FY18 results to provide update on US/Australian supply

ERM Power will present FY18 results on 23 August. We believe key investor focus will be on:

FY18 results: we now forecast FY18 underlying EBITDA of A$84m, +8% y-o-y, underlying NPAT of A$8m (vs -A$26m in FY17) and DPS of 7 Australian cents (stable y-o-y; H2 DPS 3.5c). For our previous forecasts and forecasts changes, see Exhibit 5.

Australian supply outlook: current guidance for FY18 gross supply margin is A$4.7/MWh “with upside potential” and A$4.0-5.5/MWh in the medium term. In its latest trading update, released at the end of May 2018, ERM Power said Australian activities were performing in line or better than expectations in FY18 and in line for FY19.

US supply outlook: we expect ERM Power to provide more details on current challenges, which led the company to materially reduce the outlook for unitary gross margins to A$3.7/3.3/MWh respectively for FY18/19 in its latest trading update.

Balance sheet capacity: we forecast that ERM Power will be A$40m net cash positive at end FY18 (non-recourse debt in power generation assets is more than offset by the cash in the holding), and see room for additional balance sheet redeployment, including acquisitions and/or a continuation beyond 2018 of the recently announced A$20m share buyback programme.

Focus on energy solutions

We have assessed the earnings growth potential of ERM Power’s recently launched division, Energy Solution, on the back of the company’s Investor Day on 29 May. Based on the information provided, we have built a sensitivity analysis to illustrate the potential positive impact on earnings of the growth in this new business.

Market context: New technology and client demand create business opportunity

The energy market in Australia (and globally) is undergoing significant transformation as a result of the energy transition, the emergence of new technology, and customers' demand for higher energy efficiency and sustainable solutions. Sophisticated C&I customers, who represent the company’s core business, increasingly require a comprehensive energy service in addition to delivery of the physical commodity, with the objective of reducing costs and consumption and improving their environmental footprint. All of these trends are supported by more stringent government regulations (eg energy efficiency, renewables growth and carbon reduction), an increase in electricity costs for commercial and industrial customers, and corporates’ desire to target a reduction in carbon emissions to reduce costs and achieve sustainability targets.

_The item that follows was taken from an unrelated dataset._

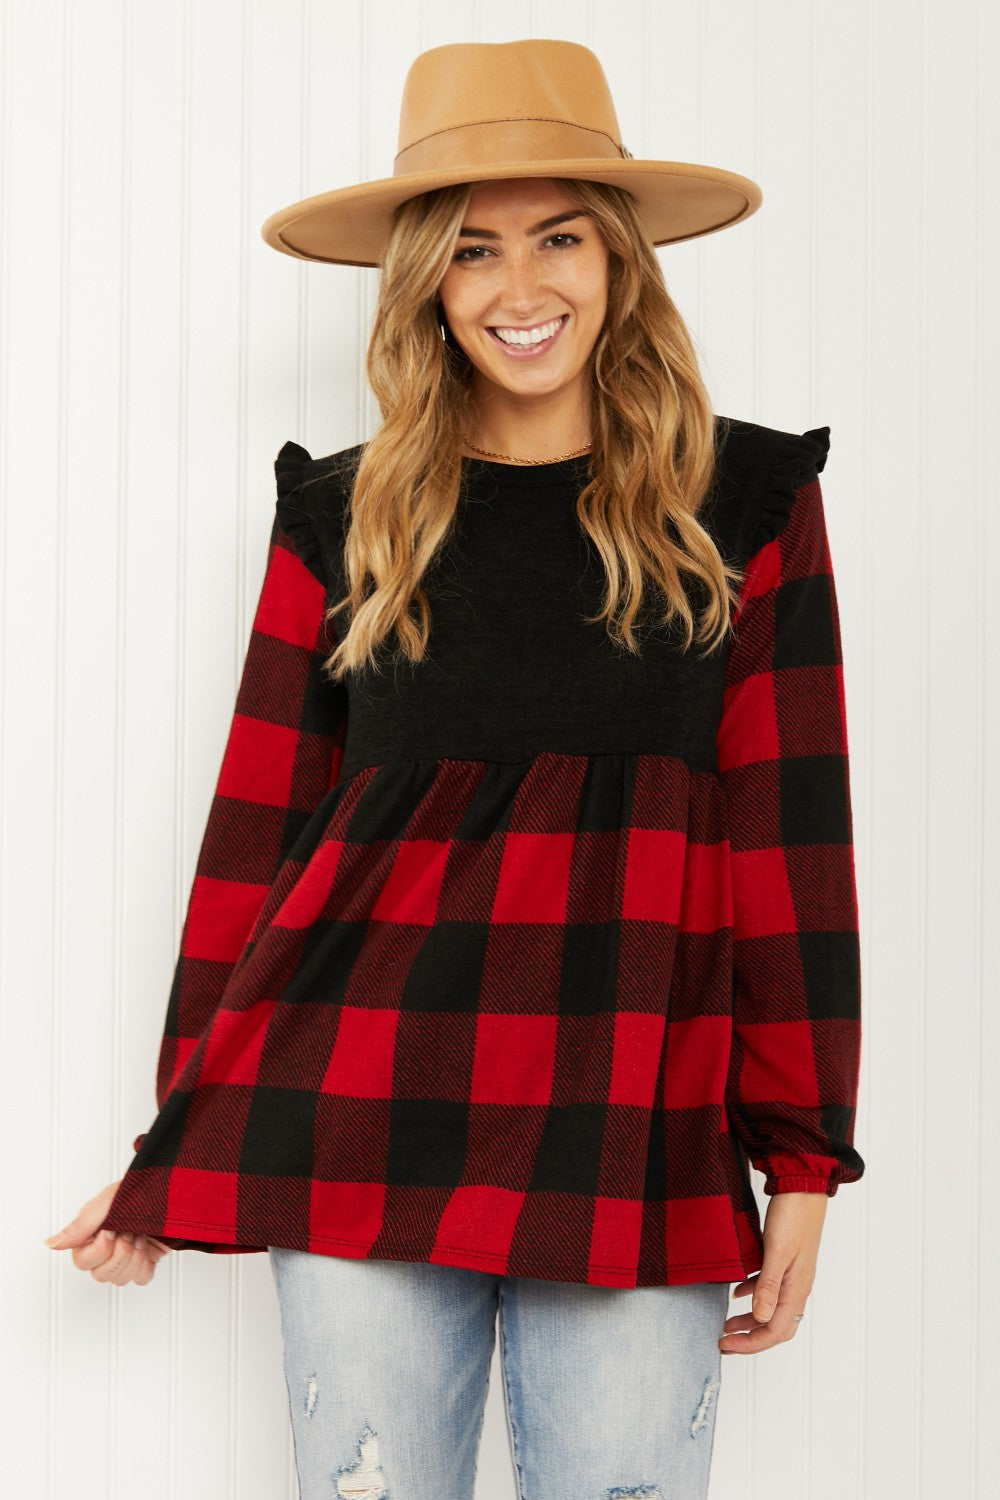 Heimish Full Size Plaid Contrast Ruffle Shoulder Babydoll Top in Black/Red

Product offering: Track, Advise and Deliver

ERM’s product offering includes the following services:

Track (20% of business mix): tools and digital platforms to monitor, measure and verify energy consumption, visualize data, receive data management alerts, and data insights and optimisation solutions.

Advise (20%): advisory services with the support of data analytics aimed at providing integrated energy solutions and action planning to implement energy efficiency investments.

Deliver (60%): product sourcing, equipment installations and partnerships with customers.

ERM power highlighted that a key achievement over the last few years was to increase the proportion of revenues from multi-product deals (to >50% in FY18e from 0% in FY16), as opposed to single-product deals and to increase the proportion of revenue from projects over A$100k (to c 90% in FY18e from less than 50% in FY16).

Competitive landscape: ERM Power’s key strengths amid high competition

Currently, the energy services industry is fragmented and dynamic, with new players that have recently entered the markets. We believe ERM Power faces significant competition from the following:

global technology players such Schneider Electric, Siemens, Signify (previously Philips Lighting) and global utility/energy services companies such as Veolia, GDF SUEZ and Vinci;

local utility players such as AGL, Origin Energy and Energy Australia;

energy savings consultancy and technology installation companies such as AECOM, Airmaster, City Holdings, Conservia, Ecosave, Energetics, Energy Action, Norman Disney & Young, Total Energy Solutions, Verdia, and Vivid Illuminate/Vivid Industrial; and

local renewable plant providers to commercial/industrial users, such as solar installation companies Todae Solar, Cherry Energy Solutions, Solgen Energy Group.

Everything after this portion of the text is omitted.